Par Charles-Louis Detournay le 24 avril 2009                      Lien  
La sortie d'un album de {L'Épervier} est toujours un évènement, même si le public a pu patienter grâce aux fascicules, mi-albums mi-documentaires proposés par l'éditeur. Pour nous, son auteur revient sur les particularités de ce nouveau cycle, et la documentation qu'il doit rassembler pour maintenir le niveau d'exigence de la série.

C’est votre premier Épervier qui sort chez Soleil, ce changement d’éditeur faisant suite à l’affaire Dupuis.

C’est principalement l’éviction de Claude Gendrot, avec qui je partageais depuis 16 ans une certaine conception de la bande dessinée, qui a provoqué ce coup de colère. La démission de Corinne Bertrand me laissait sans aucun contact chez Dupuis, alors que mes connaissances étaient toutes passées chez Soleil [1]. J’avais donc pensé à Futuro pour m’éditer, mais Claude m’a dit que L’Épervier était plus une série ‘grand public’ qu’une BD d’auteur, et comme venait de se créer Quadrants Solaires devenu Quadrants, avec les personnes de contact que j’avais chez Dupuis, tout se combinait très bien.

Patrice Pellerin : « je dessine toujours pour une seule personne ! »
Un nouveau cycle fort attendu !

Comme vous entamez un nouveau cycle, on aurait pu se diriger vers pas mal de destinations, pourquoi le Canada ?

J’aurais effectivement pu faire partir L’Épervier dans pas mal de directions différentes, mais ce sont des historiens canadiens m’envoyant de la documentation qui m’ont orienté vers cette belle contrée. Puis, dessiner la neige et les résineux, cela changeait des paysages guyanais. Lors du festival de Gatineau, j’avais donné mes coordonnées à différents fans de la série, et j’ai reçu des mails, des livres, des CD-rom bourrés de documentations, des internautes se proposant même d’aller visiter des lieux pour faire des photos et me les envoyer.

Pas mal d’auteurs rechignent à dédicacer, se plaignant de voir toujours les mêmes têtes, mais pour votre part, cela vous a profité !

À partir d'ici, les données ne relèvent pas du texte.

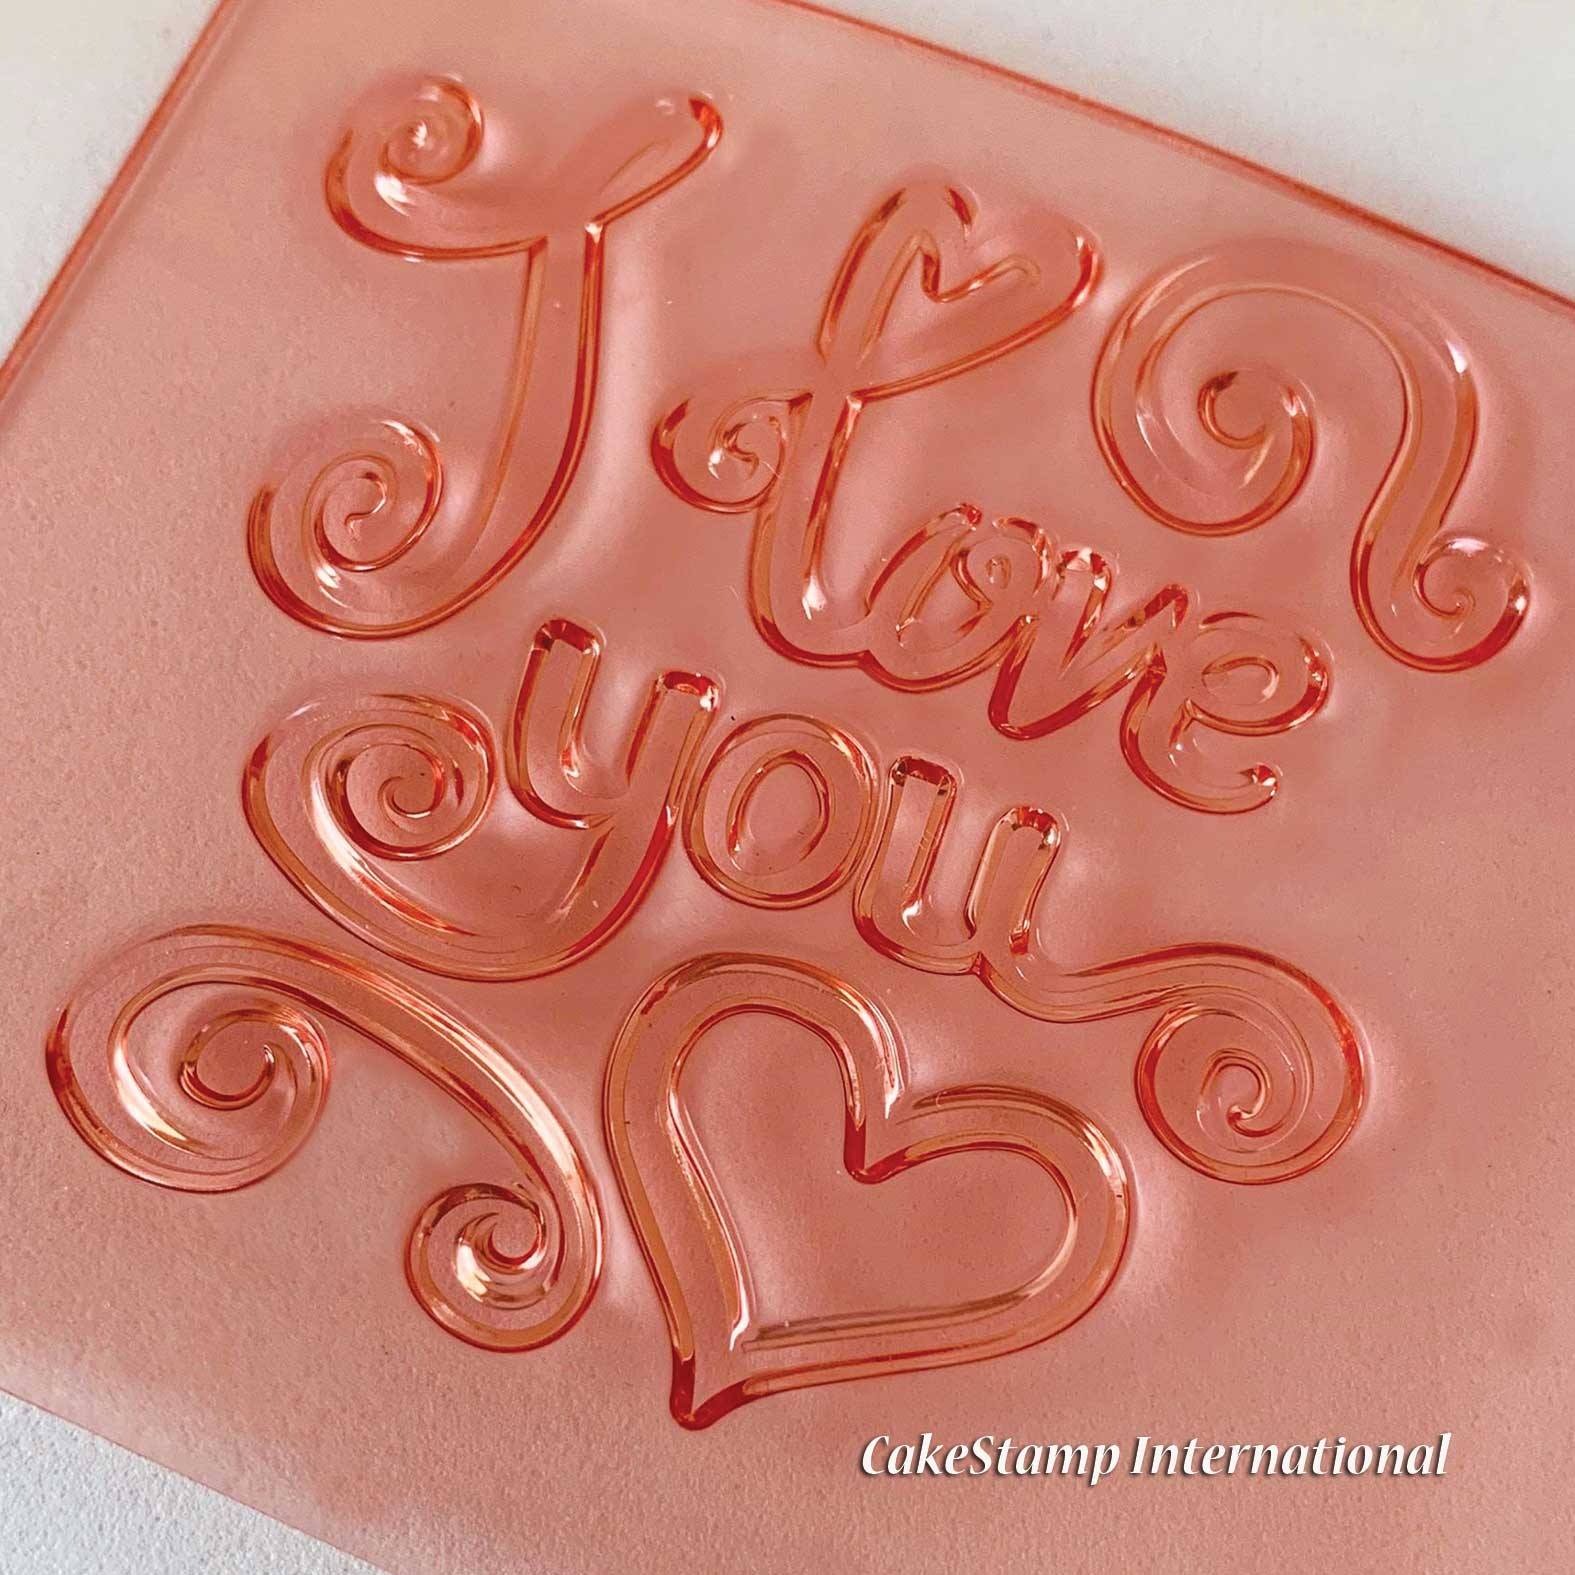 I love you- valentines day- stamp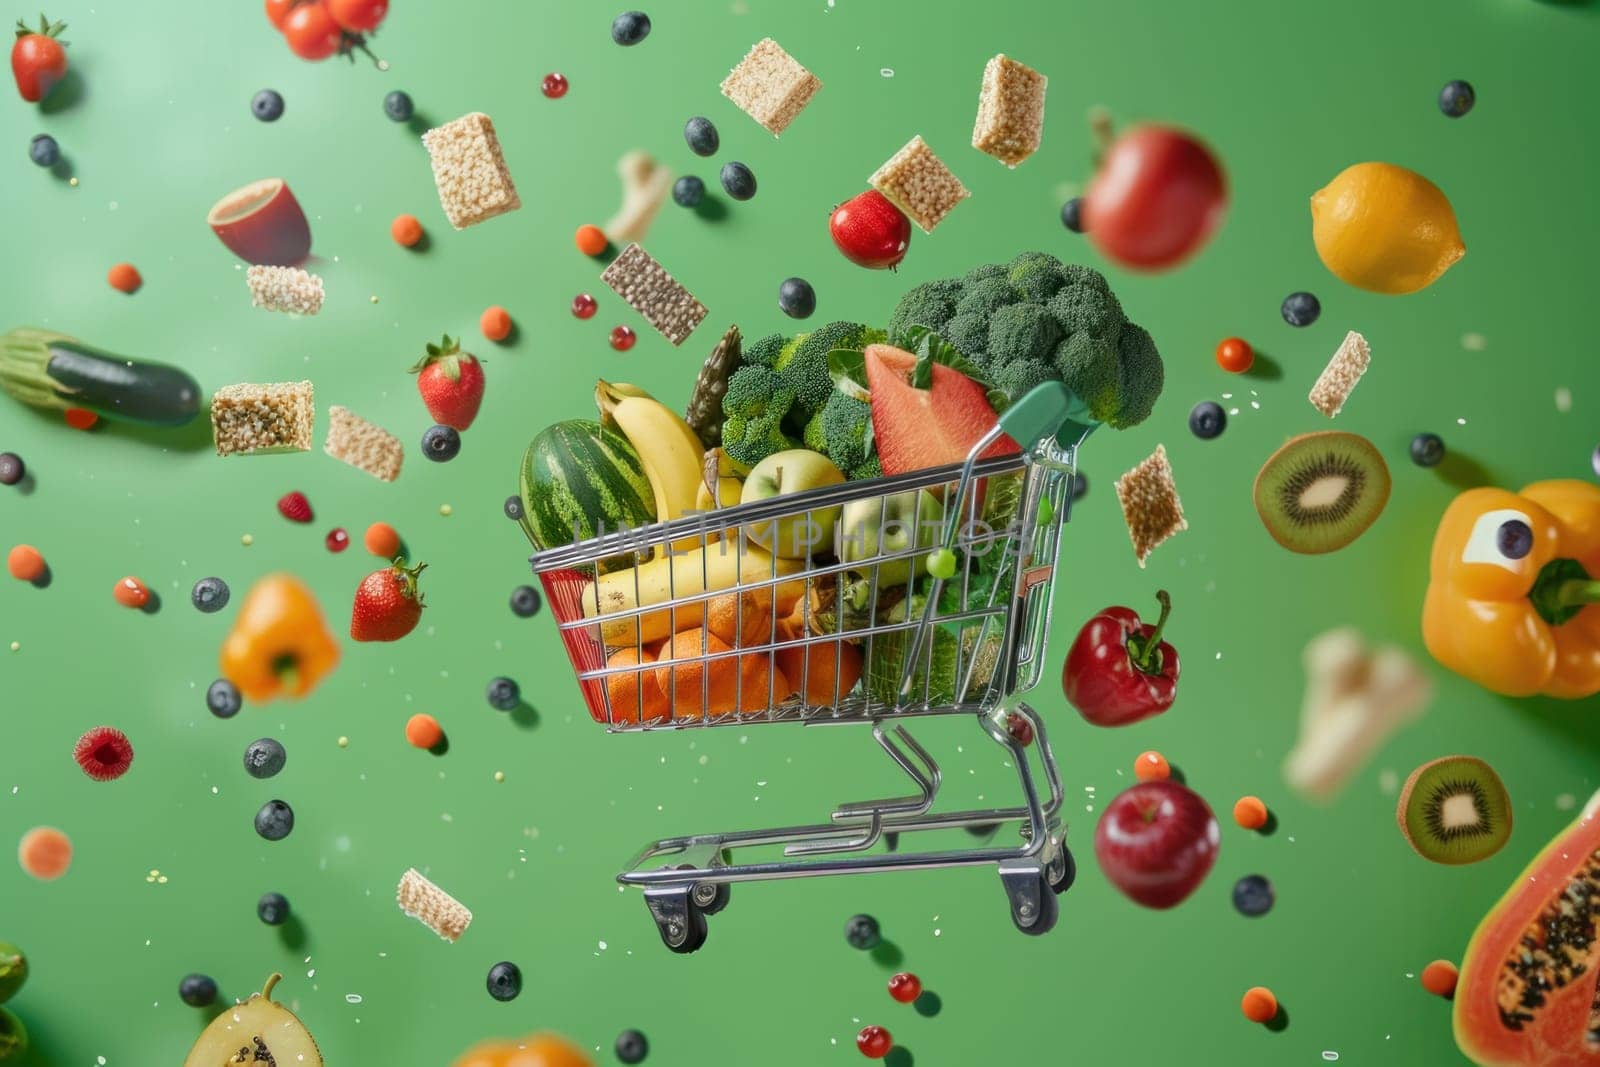 A shopping cart filled with fruits and vegetables is flying through the air. The cart is surrounded by a variety of fruits and vegetables, including bananas, apples, oranges, and broccoli

Bien entendu, et mis à part le contact de mon public que je recherche, la moitié des dédicaces que je réalise sont pour des férus de BD qui ne connaissent pourtant pas L’Épervier. Ils en ont souvent entendu parler, mais n’ont jamais eu l’occasion de le découvrir, et ils profitent alors de cette opportunité pour entamer la série. C’est pour cela que je dis toujours aux libraires de recommander des premiers tomes, c’est ce qui part le plus en dédicace ! Pour Angoulême, c’est ce tome spécial en noir et blanc qui m’a permis d’aller voir mon public, sinon, j’aurais été finir mes couleurs !

Mis-à-part les lecteurs, comment vous êtes-vous documenté sur le Canada ?

Le plus grand spécialiste des fortifications canadiennes, André Charbonneau, est venu chez moi pour me fournir les détails nécessaires. Les Canadiens sont ravis que je traite cette période, car cela n’avait pas encore été fait en BD, semblerait-il, et parce que c’est en plein dans la présence française.

Pourtant, de prime abord, on pourrait croire que d’autres dessinateurs ont parlé de cette période historique ?

En réalité, pas mal de mes collègues, comme JF Charles, ont évoqué la fin du Canada, un épisode plutôt sombre. Comme il paraît que je fais quelques efforts du point de vue documentaire (rires), cela réjouit donc nos amis Canadiens qu’on explore et donne une autre vision de leurs contrées. Effectivement, j’aime faire de la reconstitution historique, et les historiens adorent qu’on reconstitue leurs univers et les lieux qu’ils affectionnent.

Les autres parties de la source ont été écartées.